“I like small languages,” said a friend of mine.
“Yeah, me too. Wait. What do you mean by small languages?” I replied
That led to a series of discussions about what a small language is. We eventually enumerated a list of languages which we knew and could classify. Languages which we mutually agree are small are listed in small fonts; languages which we mutually agree are large are listed in large fonts:
So what exactly is a “small language”, and why do people clamour for it? One metric discussed is the number of reserved keywords a language has. We quickly (and I must add, roughly) looked up and tabulated the results:
|Language||Reserved Words Count||Sources|
|Scheme||20(R4RS); 0(R5RS)||R4RS (PDF); R5RS|
|Lua||21||Lua Reference Manual(§2.1)|
|Python||31 (2.7.8); 33 (3.4)||Python 2.7.8 reference; Python 3.4 reference (§2.3.1)|
A big problem with using keyword count is clearly that it’s not really representative of the language, though it is indicative of what we’re looking for. C# and Java have a large number of keywords (the word “enterprise” and “bureaucracy” also comes to mind when these two languages are mentioned), and are often thought of as large languages.
The use of keywords count also shed some light on the question of “what is a small language”. For such a short phrase, it’s surprisingly ambiguous. What could a small language mean? Is it small in terms of its built in functions? Is it small in terms of the standard library that comes with the language? These two do not seem to be likely what people are most often talking about when it comes to small languages. A small grammar could conceivably be what people mean when they talk about “small languages”.
So I thought to myself: why not compare grammars?
Fortunately most programming languages have a well-defined grammar and they can be usually be expressed in (Extended) Backus-Naur Form. And fortunately too, most language specifications actually do specify the grammars of the language in some vague EBNF-like form.
So the solution is to count the number of production rules in the official language specifications. I’m going to ignore C# (because if there are 79 keywords, imagine how long the EBNF is going to be - Here’s where to find the C# 4.0 EBNF), and Java (the Java 8 specification has 17 pages worth of EBNFs.)
Some grammar specifications were embedded in long web pages, which I have extracted. Most of these grammars are not proper EBNF, but they resemble closely enough in the sense they follow this pattern
Production Rule [separator] Nonterminals (some language spec has terminals in them). I also transformed all the grammars so that 1 line contained 1 production rule. Counting the number of production rules is simply counting the lines in a file.
Here’s what the languages I considered looked like:
|Lisp * that you built in a day||< 10|
|Lua||22||Lua 5.1 Reference Manual|
|Python||82||Python 3.4.1 Complete Grammar|
|Go||153||Go specification; Extraction Script|
|Haskell||78||Haskell 2010 report|
So there you have it. A comparison of grammars based on how many rules there are. These are the “lightweight” languages. Needless to say C# and Java will have a lot more rules.
As always (in most of my blog posts I have one of these), there is a caveat. For each language there can be multiple EBNFs - it depends on how you want to specify your grammar. The EBNFs I used are mostly official grammars from the language specifications themselves (some like C are printed on dead tree paper, so I’m not going to type that out, so I shortcutted and used someone else’s).
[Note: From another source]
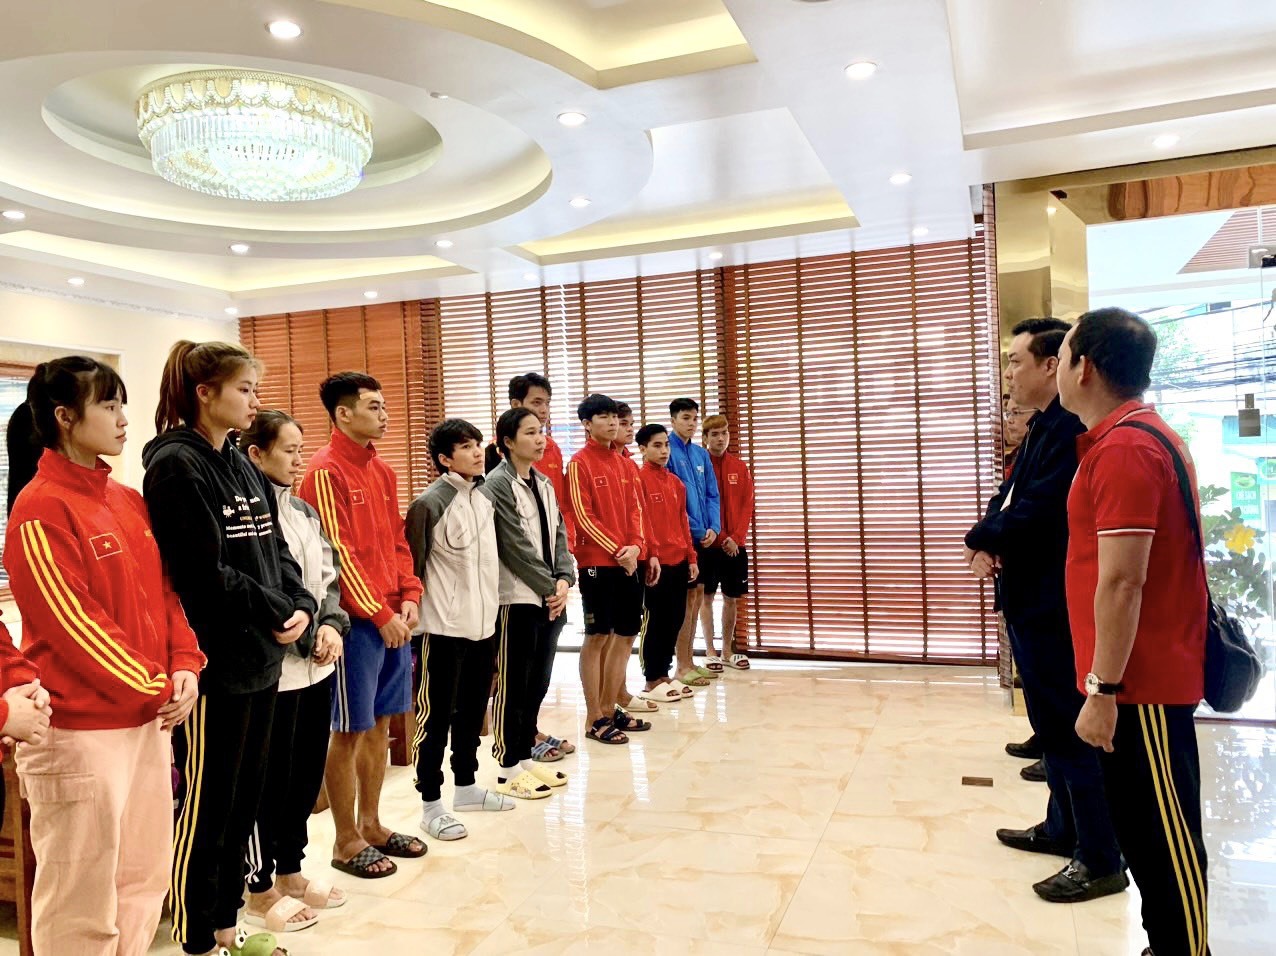 Lãnh đạo đoàn Thể thao Bình Dương thăm hỏi động viên đội tuyển Pencak silat đang tập luyện tại Hạ Long, Quảng Ninh.

Perhaps another way to think of “small languages” is what kind of parser could be built for those languages. If a LL(1) parser could be built for the grammar, that implies it’s a simple grammar, and that means it’s a small language (yes, I am aware that I am conflating the concepts of simplicity with size). That pretty much also means that in the list above, only Python could be parsed (and even so it does with a lot of crutches).
Small Languages, A Conclusion
I can definitely see the appeal of small languages. A small grammar implies a smaller cognitive load. This leaves more space for the structure of the program that you’re writing itself. Of course small languages can be complex too - I often had to look up where to put the
* during the course of whatever little C programming I have done (can’t remember the spiral rule for the life of me).
I think this also highlights how important the stdlib of a language is. Out of these languages, I love and use Go and Python the most simply because they have fantastic stdlibs. Small core, but great stdlibs, that’s what I look for in a language.
But surely this is not the only appeal of small languages? Tell me why you like small languages below.